[[ Provided data open ]]

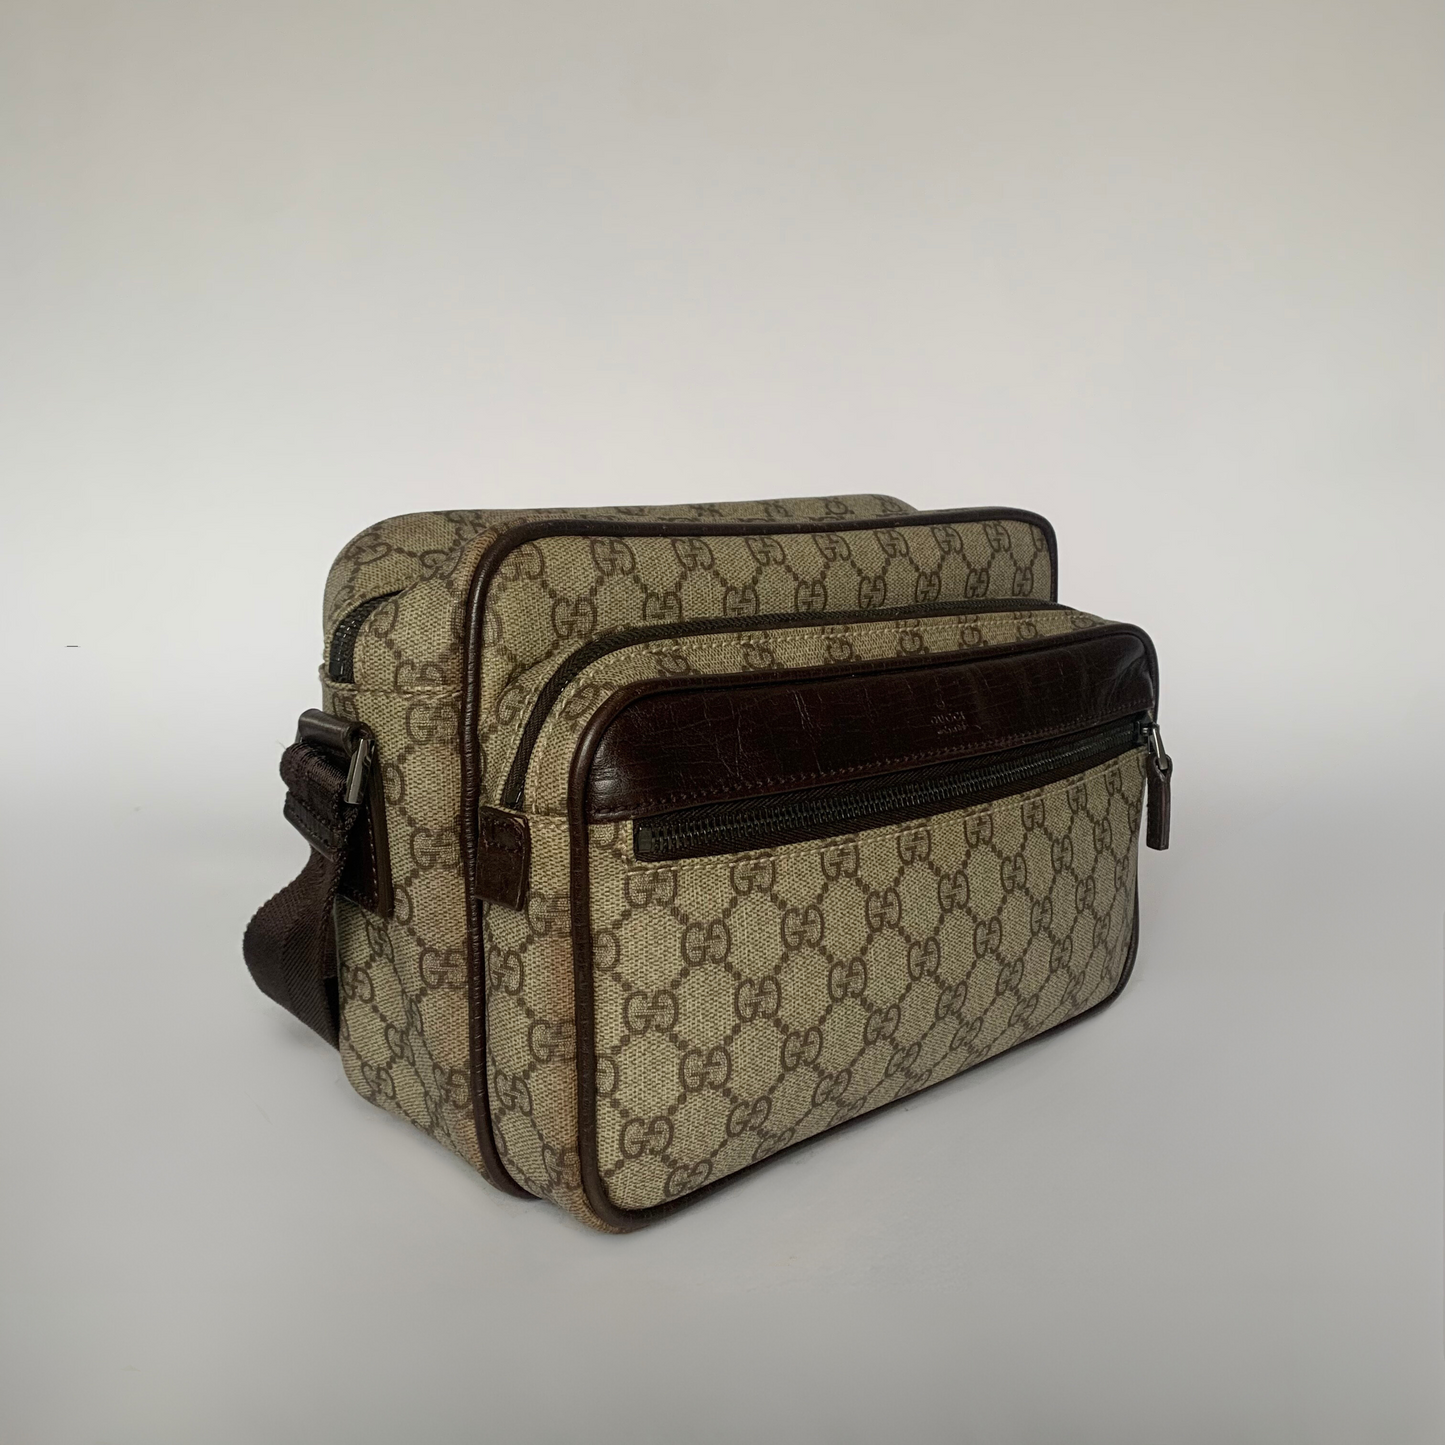 Gucci Gucci Sac bandoulière suprême PVC - Sacs bandoulière - Etoile Luxury Vintage
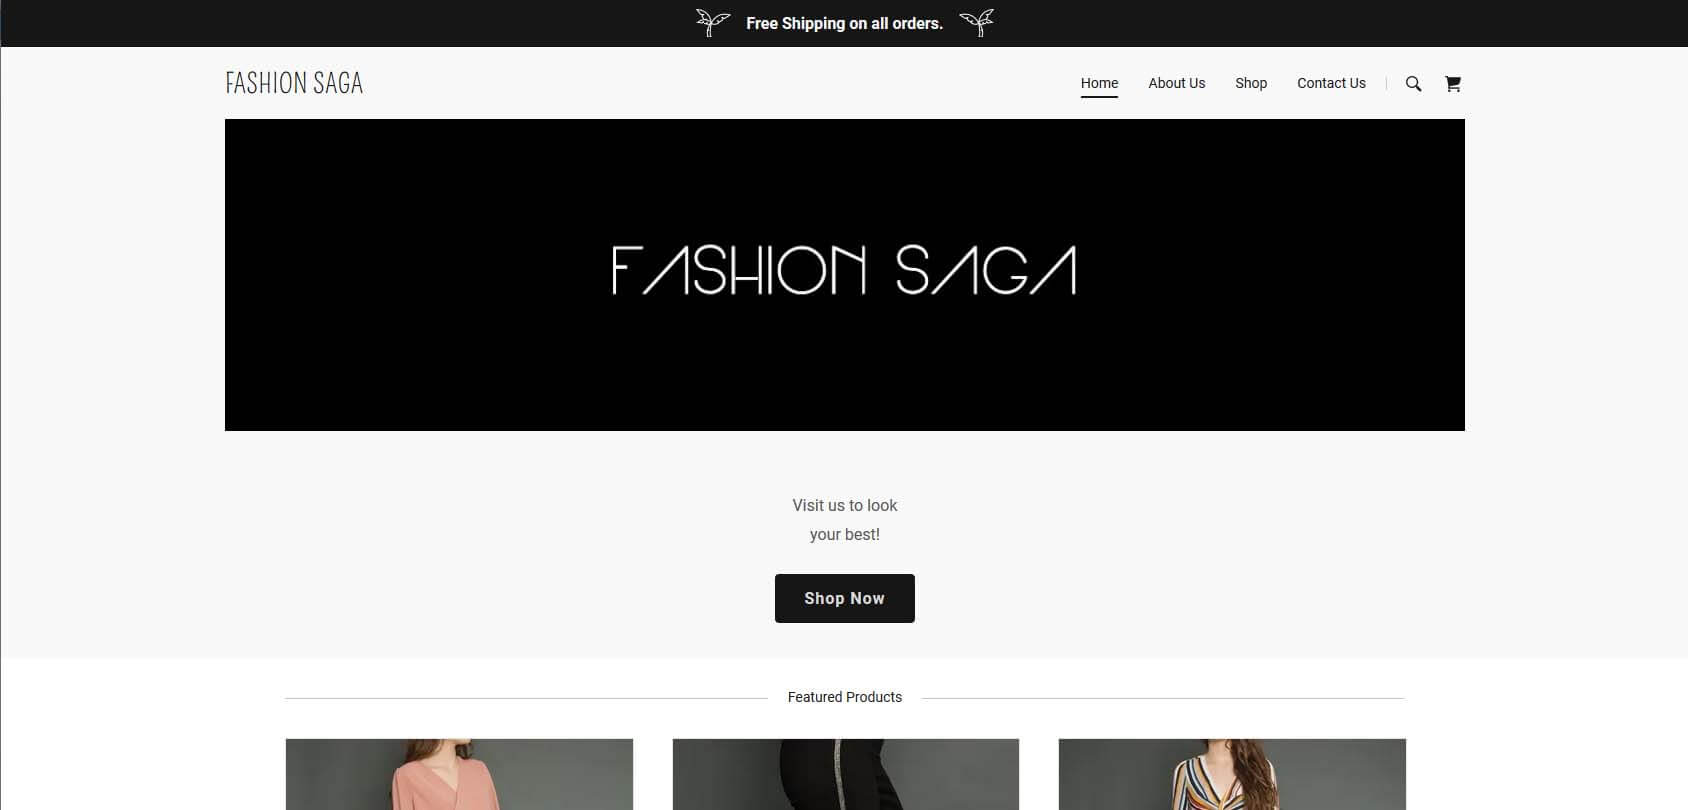 Fashion Saga Homepage
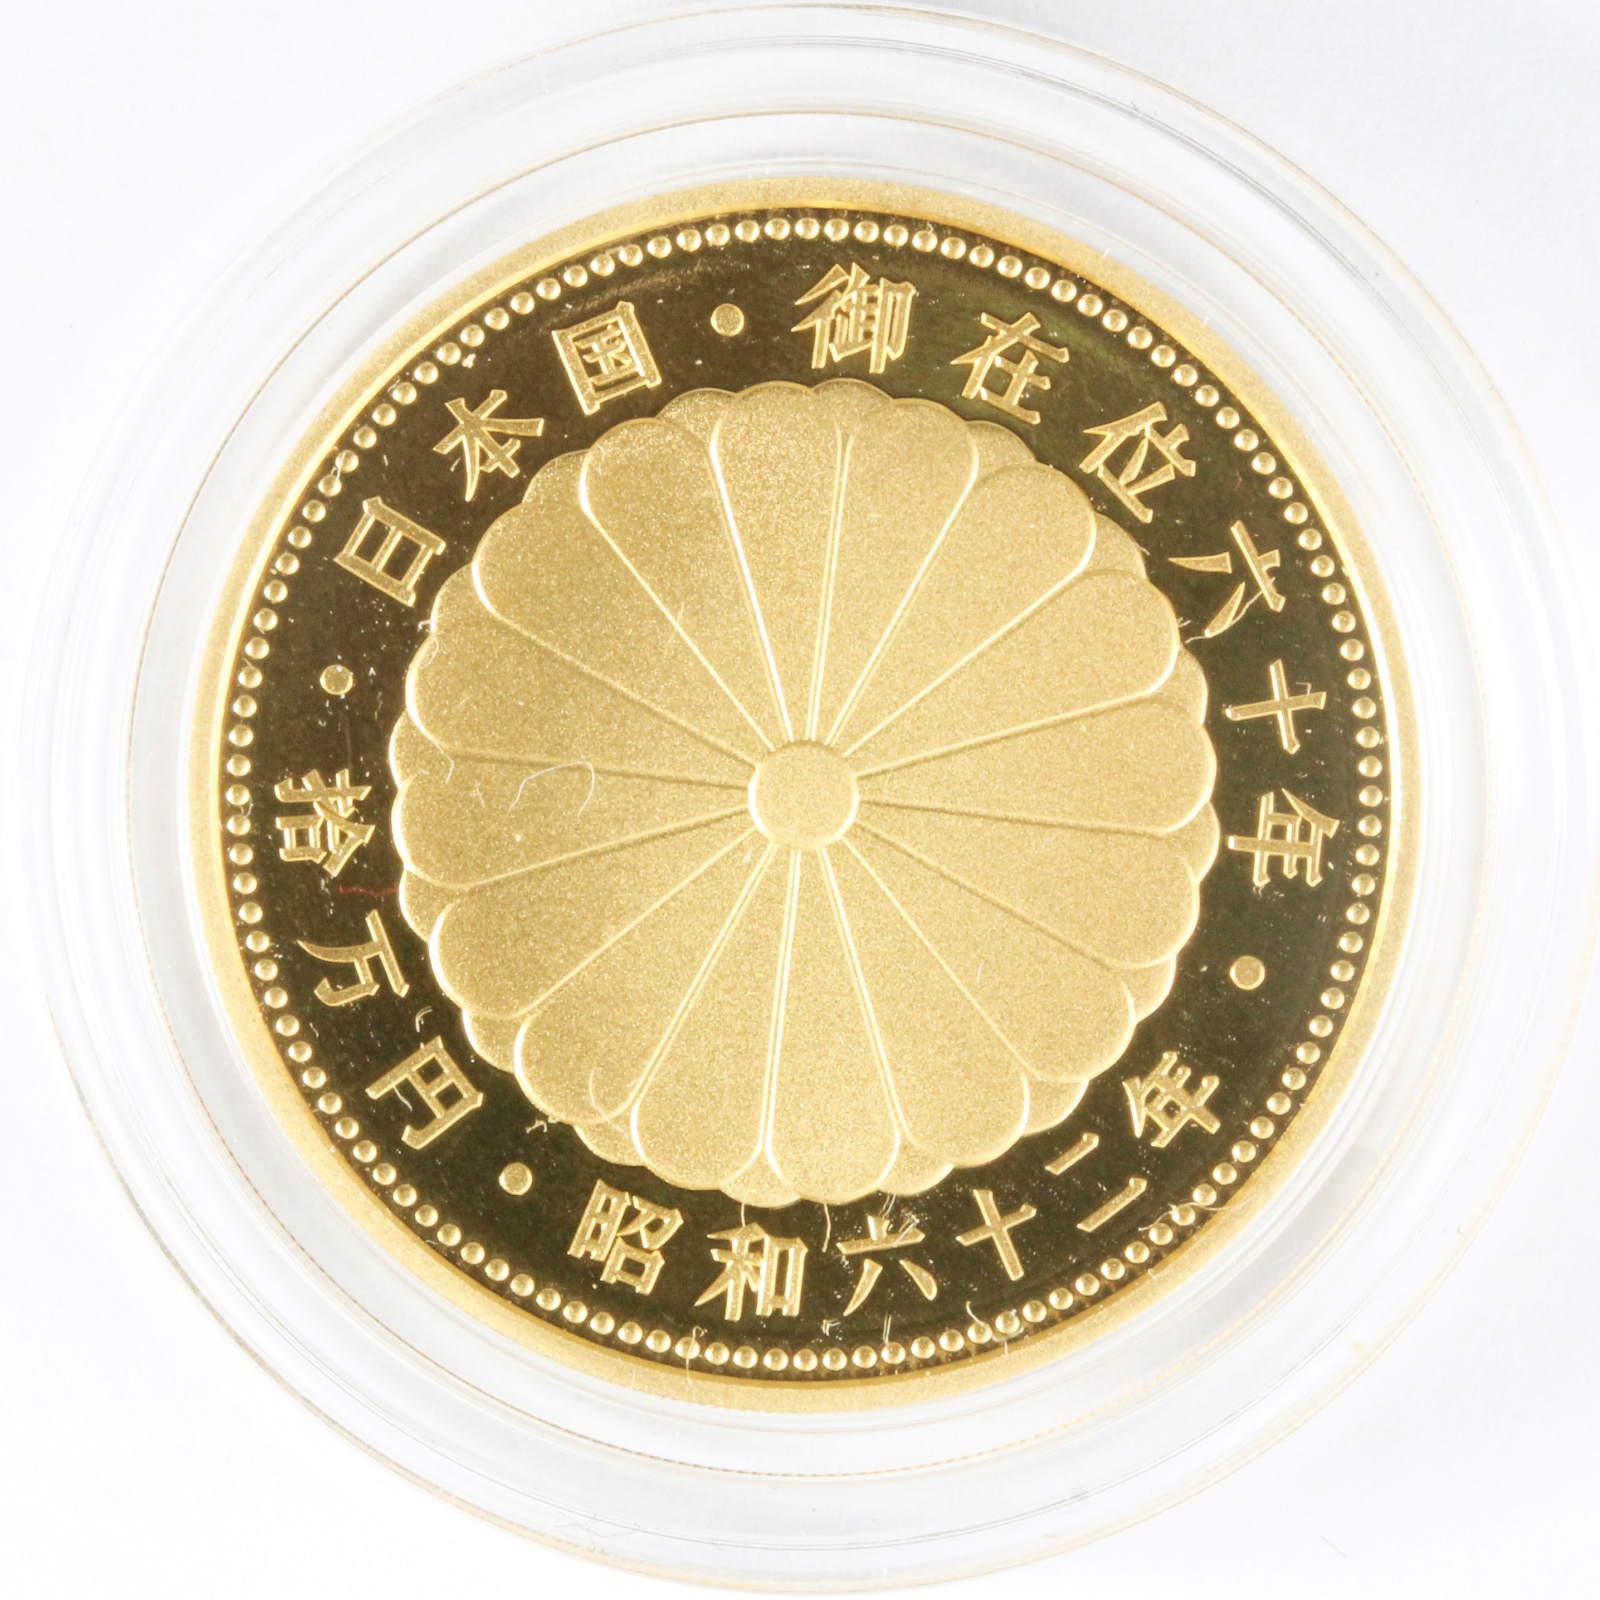 天皇陛下御在位60年記念 プルーフ硬貨 10万円金貨 - nimfomane.com

[[ Provided data closed ]]

## What is required
Print verbatim every line above, apart from the pictures.

## Response to the task
 Gucci Gucci Sac bandoulière suprême PVC - Sacs bandoulière - Etoile Luxury Vintage
 Fashion Saga Homepage
 天皇陛下御在位60年記念 プルーフ硬貨 10万円金貨 - nimfomane.com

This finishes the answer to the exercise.